Mayor Barbarann Keffer called an emergency public meeting for Monday to try to convince Council to adopt the legislation that would use $6 million of the ARPA funds to pay February's expenses. Keffer and her chief administrative officer, Vincent Rongione, also provided bank account ledgers showing that all the ARPA funds were still available.

Keffer and Rongione said the ARPA funds would bridge the gap until Upper Darby's tax revenue for the beginning of the year began coming in next month.

The ordinance passed, and Keffer said everyone is getting paid.

The confusion arose because Keffer's administration diverged from the township's usual method of filling a revenue hole that happens annually. In January and February each year, the township usually borrows money through a short-term loan to pay for expenses until the bulk of the township's annual tax revenue arrives in March and April.

Keffer and Rongione opted not to borrow the money this year, and instead planned to use the ARPA funds.

Keffer, who works full-time as a municipal advisor to other towns and who served on Upper Darby's council for years before becoming mayor, admits that more explanation ahead of time could have prevented the turmoil.

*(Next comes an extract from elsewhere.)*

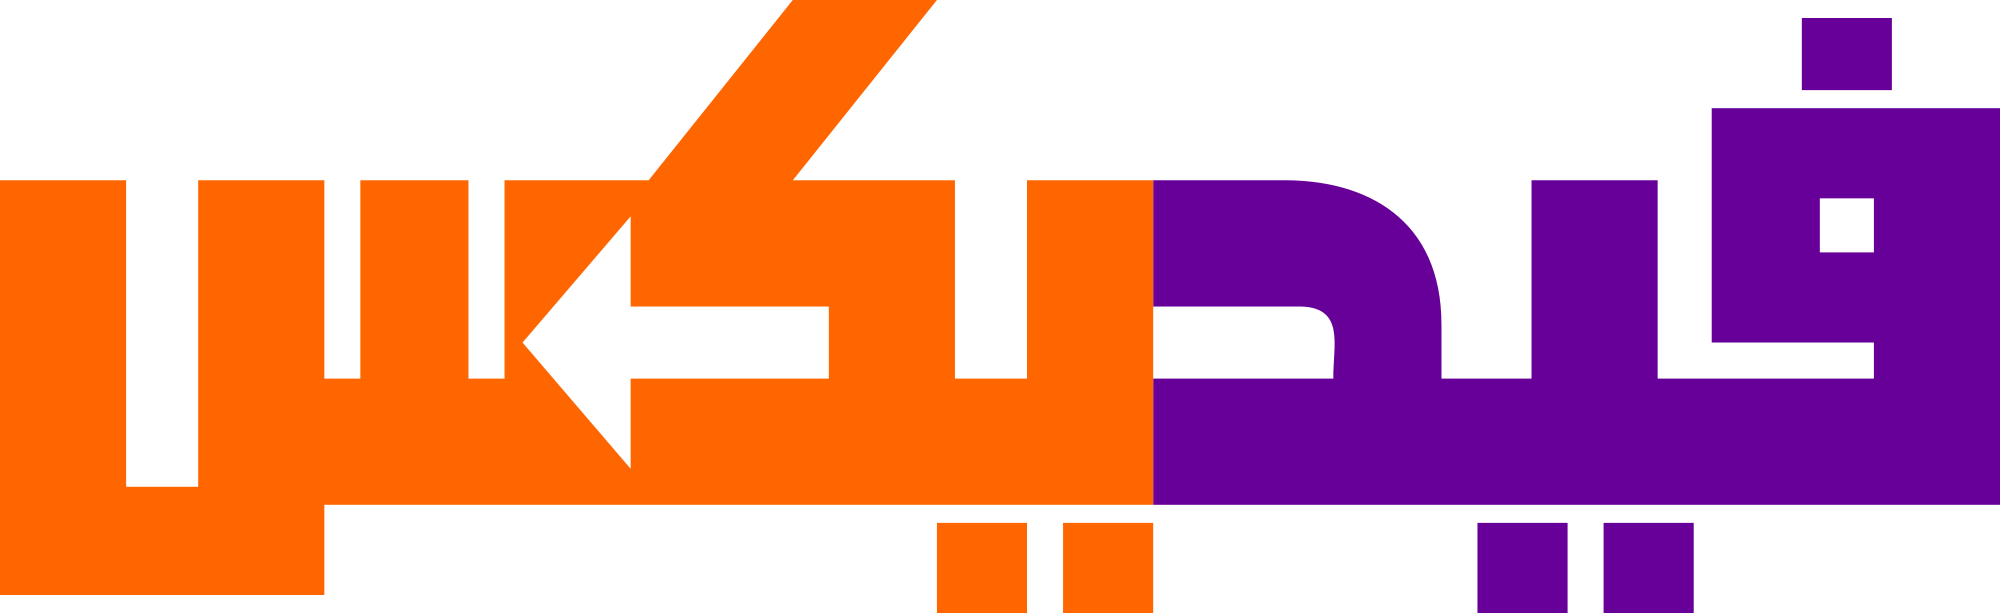 Open - Fedex Arabic Logo (2000x613)
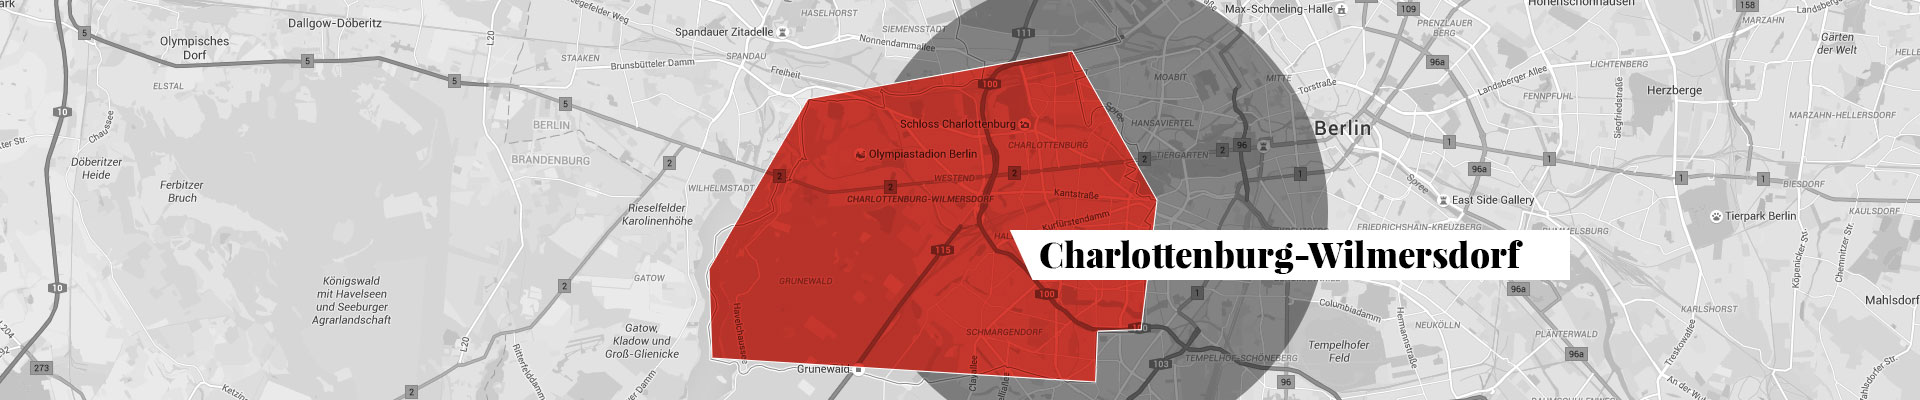 Charlottenburg-Wilmersdorf plan

"What’s important is how things are straightened out now," Keffer said. "There isn’t going to be this confusion going forward."

Haman said township officials should have been more careful with the ARPA funding all along.

"It was commingled into a bank account with other non-restricted funds. Now, we’ve got this account with millions of dollars in it from different sources," he said of the ARPA funding and other township revenue. "The major question I have remaining is: Is that money fungible? Is it interchangeable with other money?"

Now that everyone has been paid, Haman said that's the lingering question.